In other words, said the Advocate General, it's not a trade mark infringement to buy, sell or use an AdWord -- but anyone offering a keyword sale service can't rely on the "I'm just an innocent information carrier and you can't blame me" exemption for liability in relation to the content of hosted information.

Today the Court of Justice has ruled as follows:

1. Article 5(1)(a) of First Council Directive 89/104/EEC of 21 December 1988 to approximate the laws of the Member States relating to trade marks and Article 9(1)(a) of Council Regulation (EC) No 40/94 of 20 December 1993 on the Community trade mark must be interpreted as meaning that the proprietor of a trade mark is entitled to prohibit an advertiser from advertising, on the basis of a keyword identical with that trade mark which that advertiser has, without the consent of the proprietor, selected in connection with an internet referencing service, goods or services identical with those for which that mark is registered, in the case where that advertisement does not enable an average internet user, or enables that user only with difficulty, to ascertain whether the goods or services referred to therein originate from the proprietor of the trade mark or an undertaking economically connected to it or, on the contrary, originate from a third party.

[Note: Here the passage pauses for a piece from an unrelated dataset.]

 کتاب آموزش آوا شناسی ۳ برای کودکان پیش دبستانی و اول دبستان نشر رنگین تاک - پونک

2. An internet referencing service provider which stores, as a keyword, a sign identical with a trade mark and organises the display of advertisements on the basis of that keyword does not use that sign within the meaning of Article 5(1) and (2) of Directive 89/104 or of Article 9(1) of Regulation No 40/94.

3. Article 14 of Directive 2000/31/EC of the European Parliament and of the Council of 8 June 2000 on certain legal aspects of information society services, in particular electronic commerce, in the Internal Market (‘Directive on electronic commerce’) must be interpreted as meaning that the rule laid down therein applies to an internet referencing service provider in the case where that service provider has not played an active role of such a kind as to give it knowledge of, or control over, the data stored. If it has not played such a role, that service provider cannot be held liable for the data which it has stored at the request of an advertiser, unless, having obtained knowledge of the unlawful nature of those data or of that advertiser’s activities, it failed to act expeditiously to remove or to disable access to the data concerned.
This post will be followed by a further post later, with comments on this ruling.

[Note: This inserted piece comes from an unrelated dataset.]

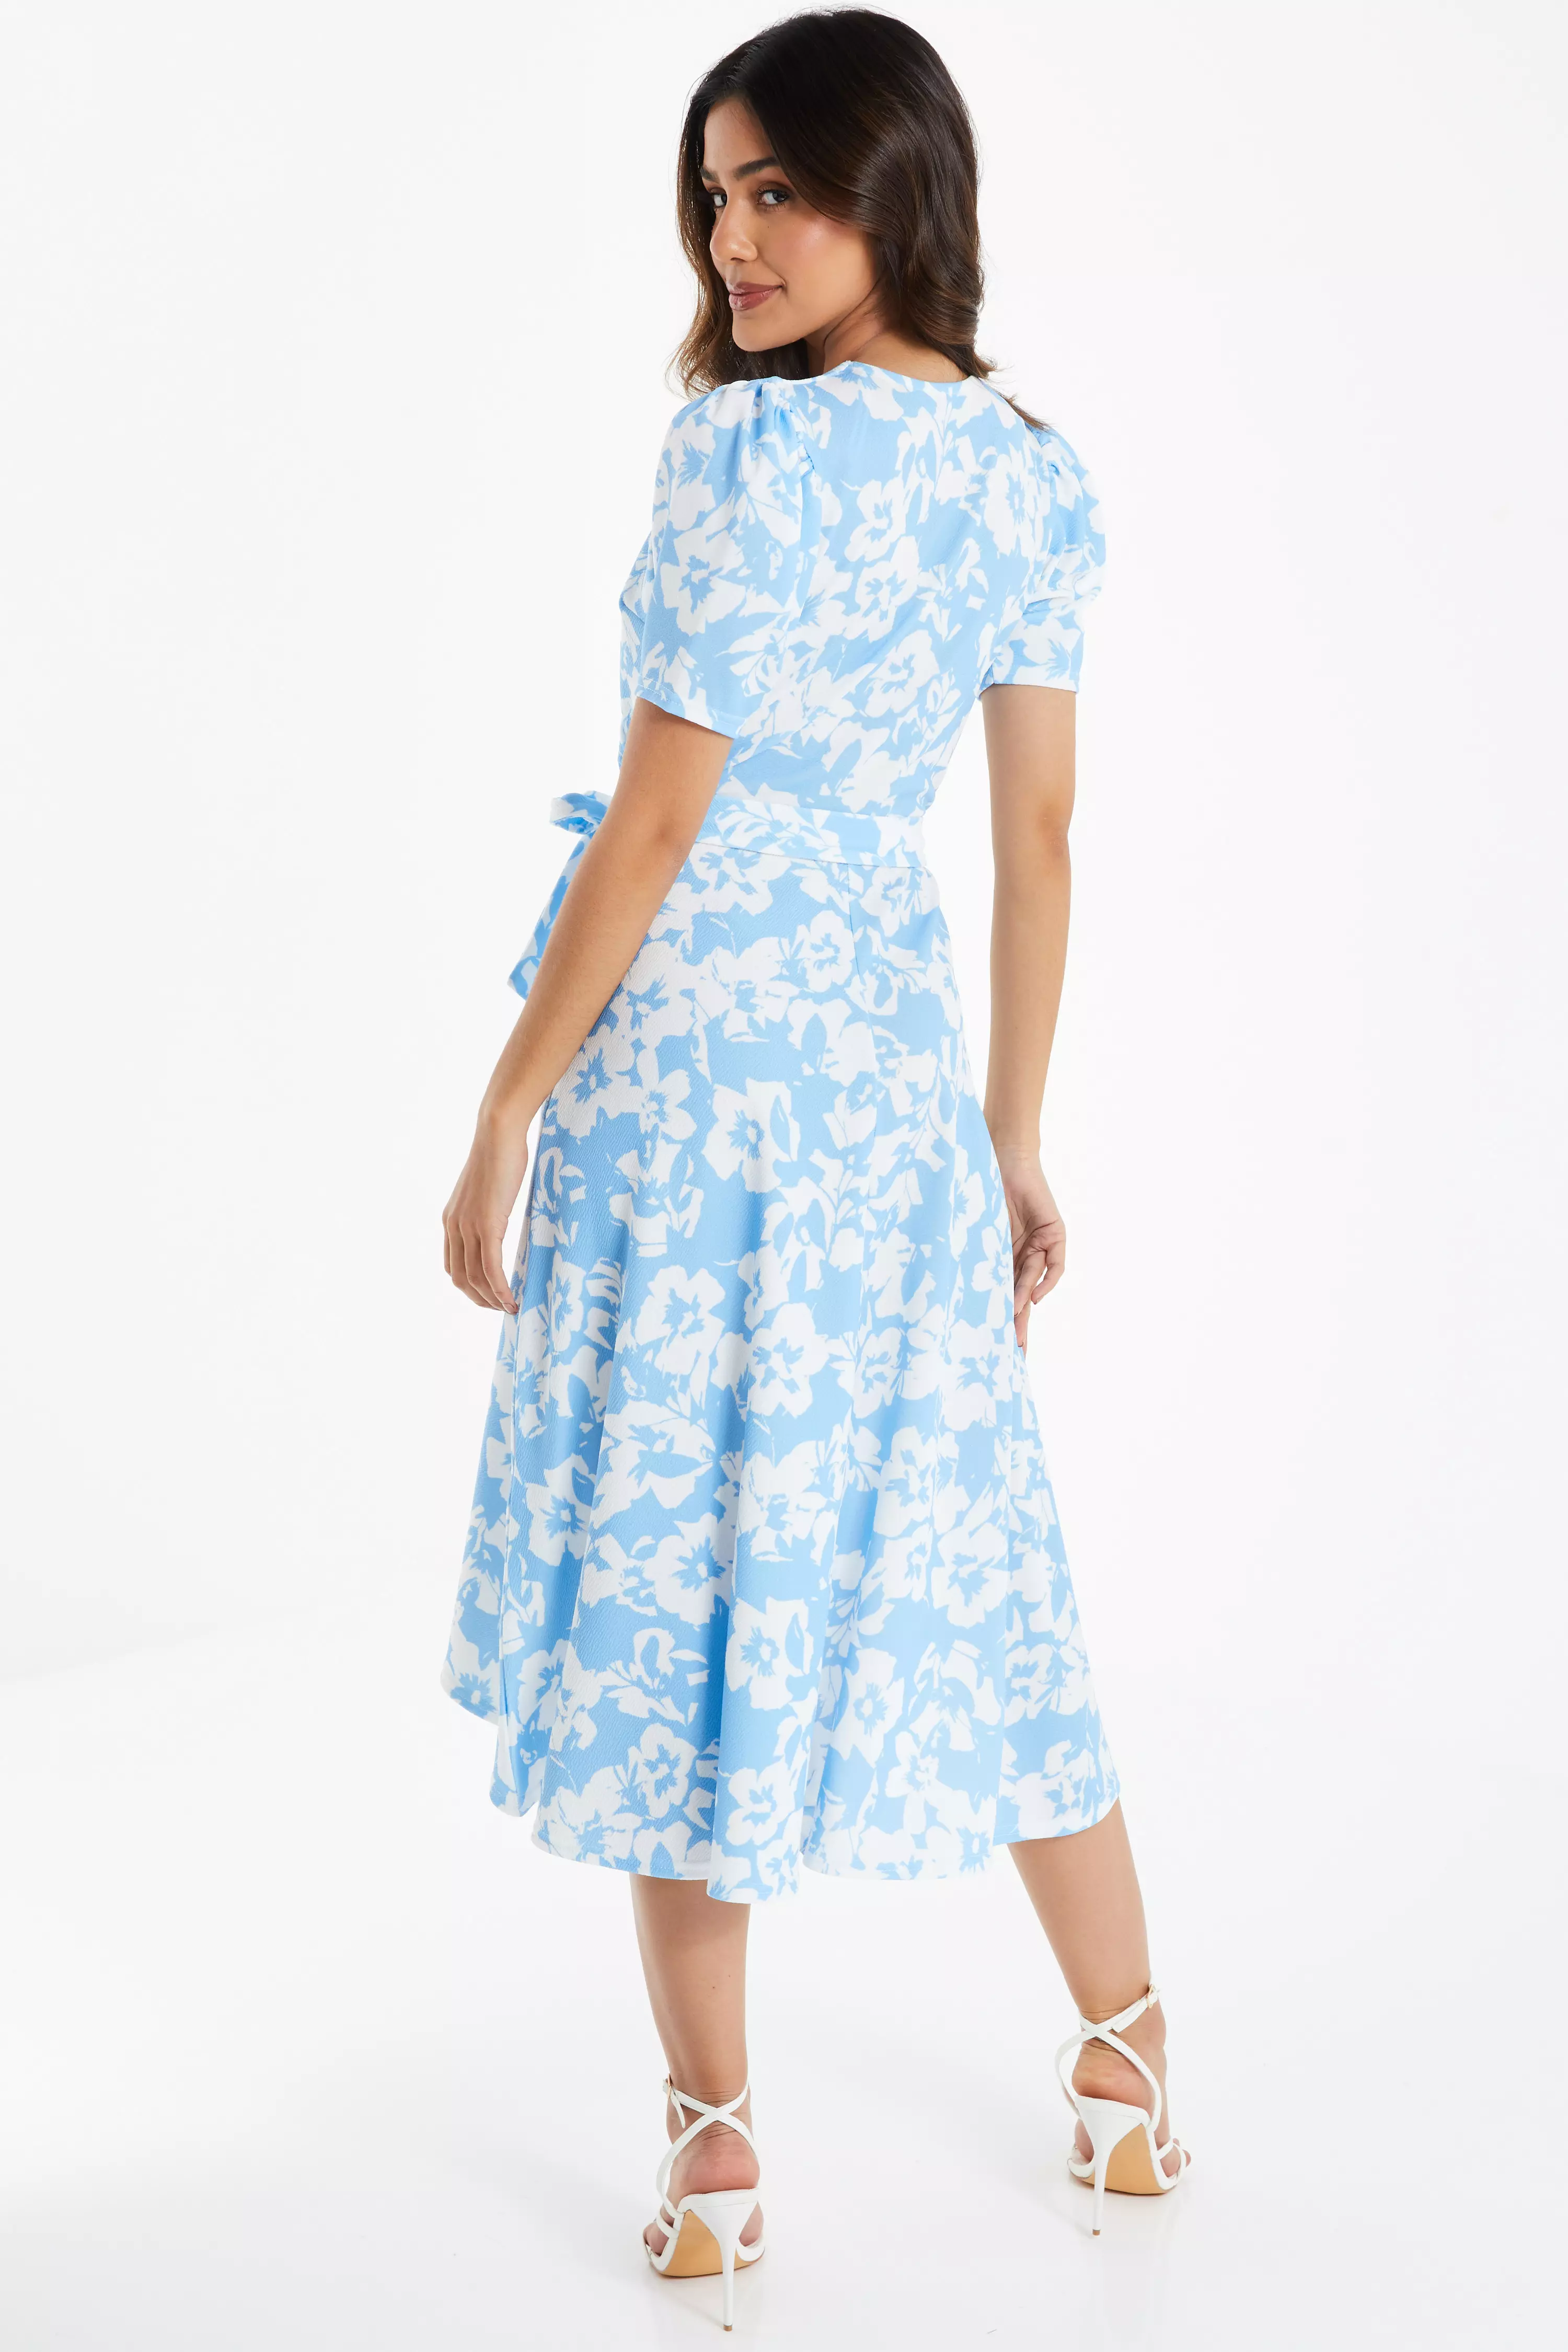 Blue Floral Print Wrap Midi Dress

Wikipedia entries on AdWords and Keywords
What Google says about AdWords here
How to profit from Google AdWords here
Opinion of Advocate General Luís Miguel Poiares Pessoa Maduro here
IPKat comment on the Advocate General's Opinion here
Links and Law here

2 comments:

Aaron said...

Nice outcome. Google not liable for infringement, users are.

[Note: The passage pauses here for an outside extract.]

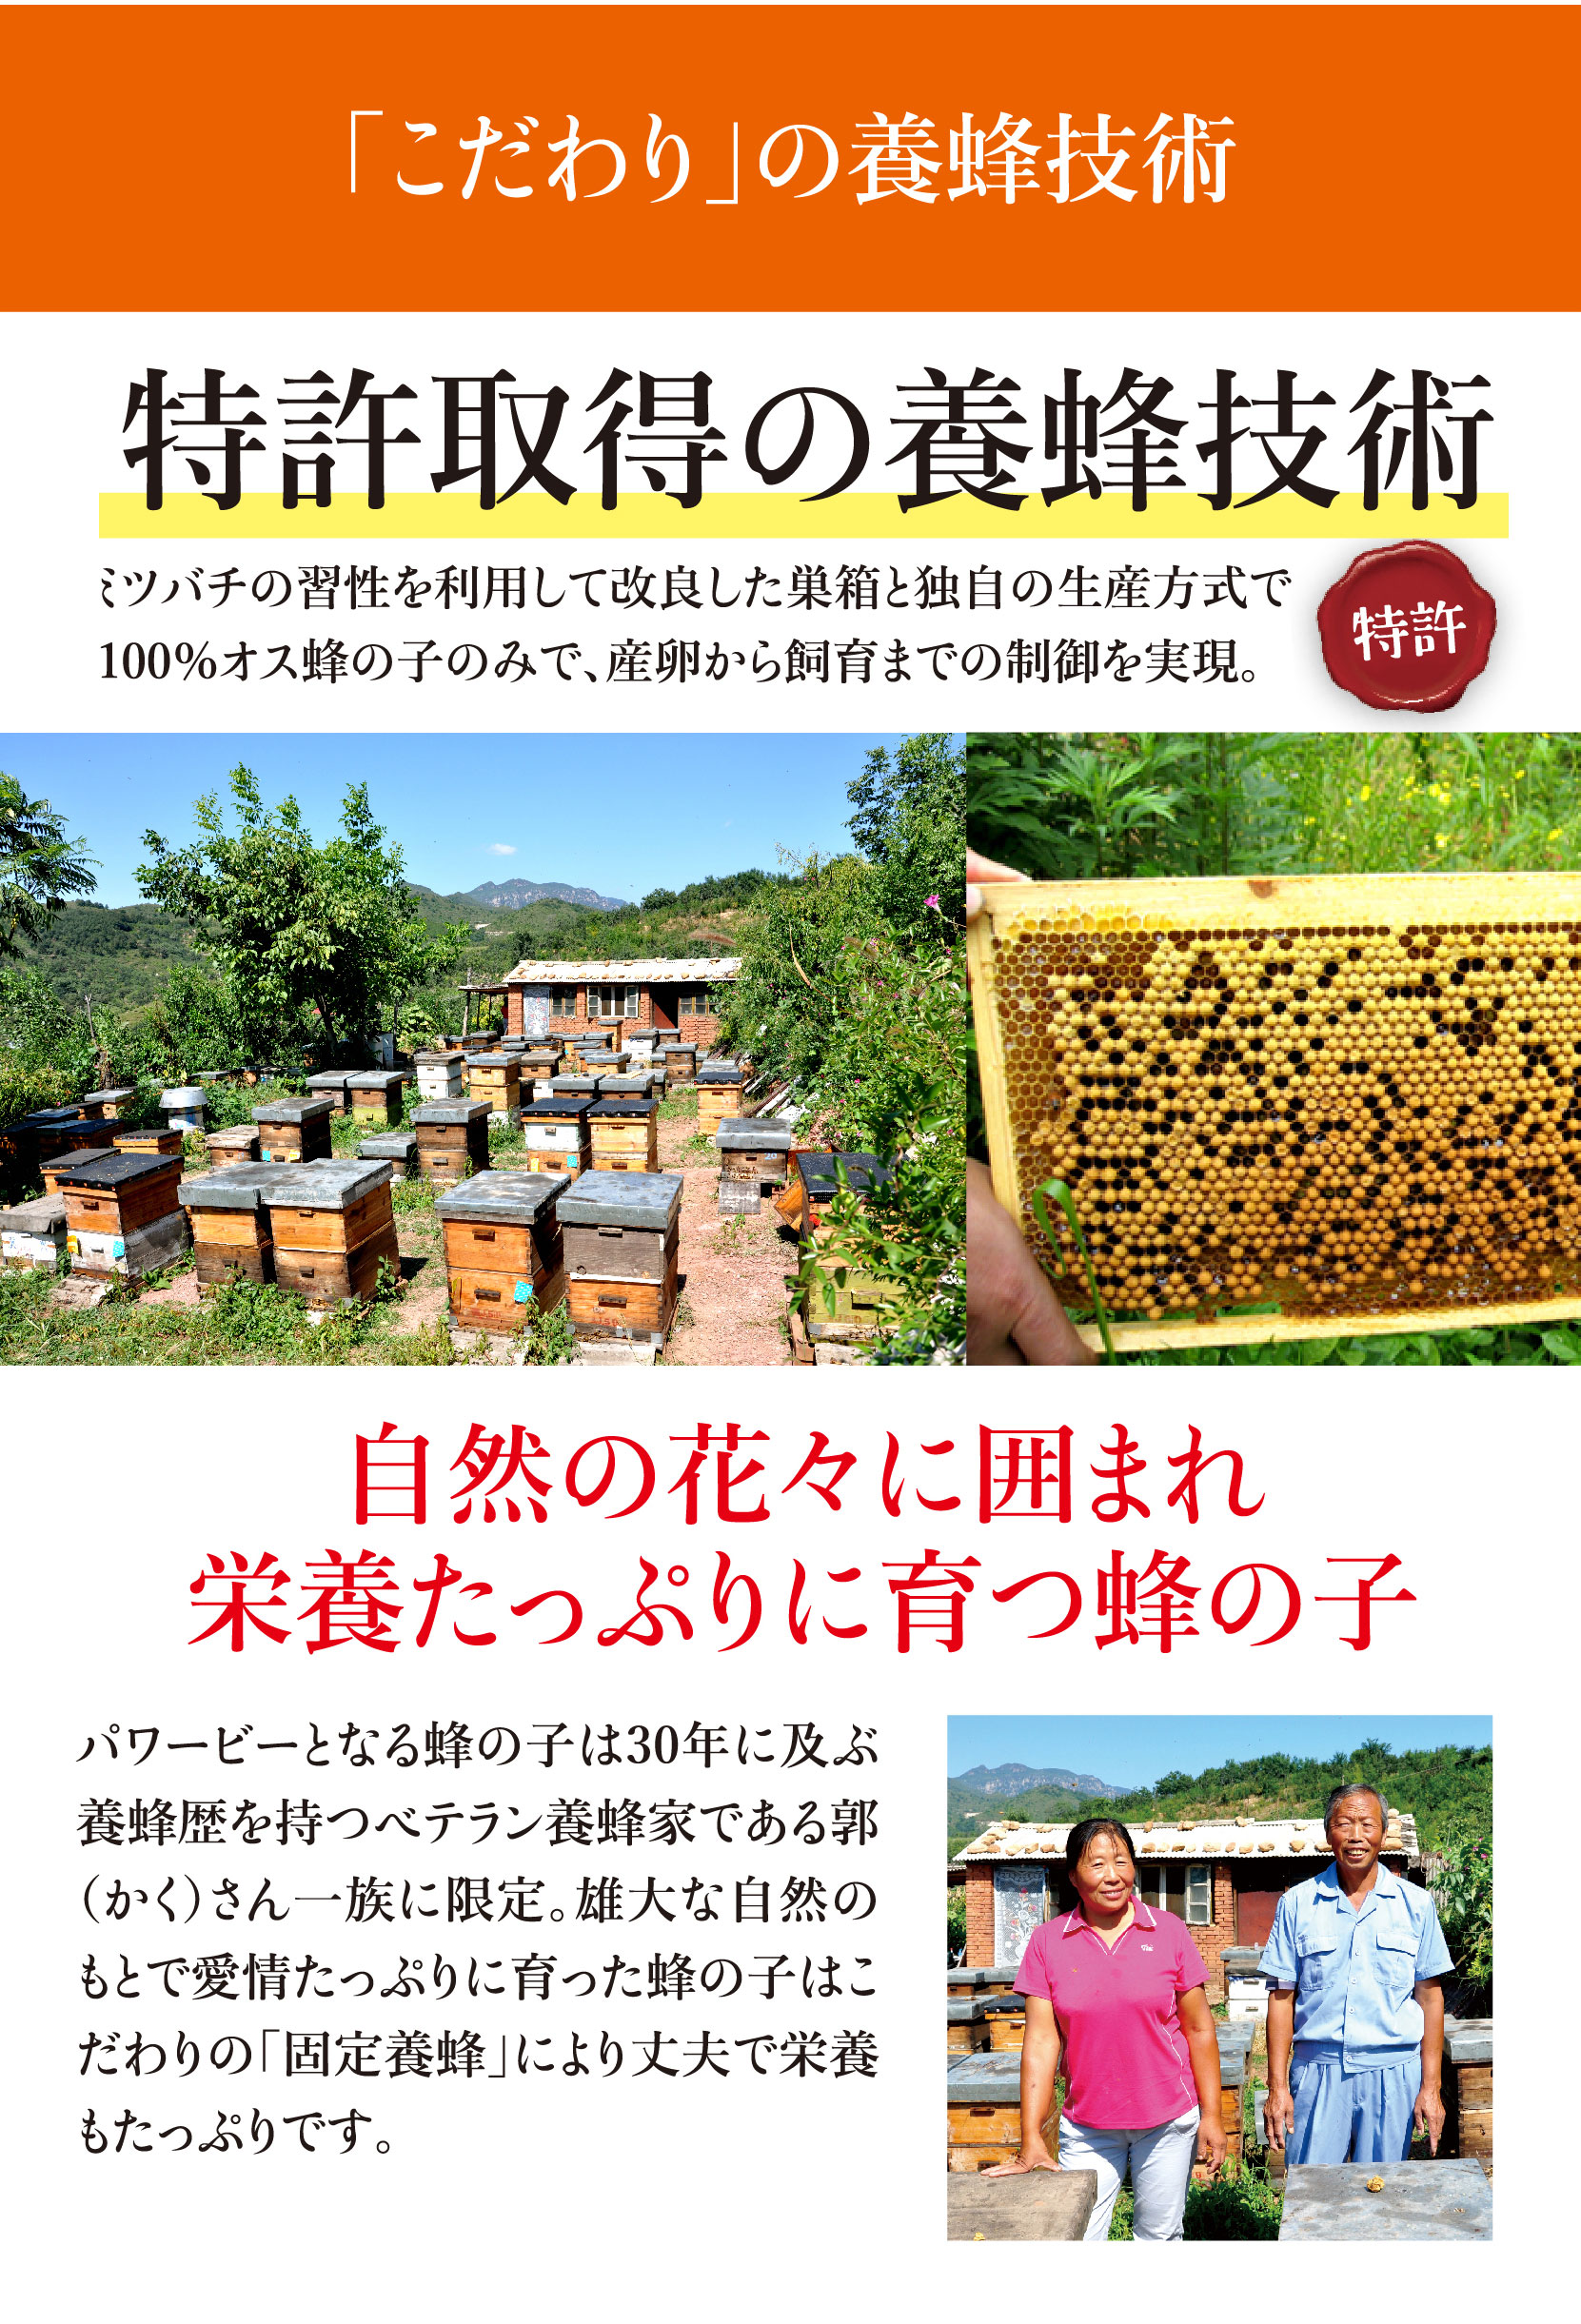 こだわりの養蜂技術、特許取得、自然に囲まれた環境で、栄養たっぷりに育つ蜂の子

Ergo, Google change the procedure to take down UK ads to delete the requirement for tm to be in the ad, and then bring in the ability to object to the "takedown" request.

I think YouTube will probably worry about the finding on Article 14.

austrotrabant said...

Excellent. The only little down side in my opion is that the ECJ (aka "CJ") missed the opportunity to establish (Europe-wide) that search engines should receive a liability exception...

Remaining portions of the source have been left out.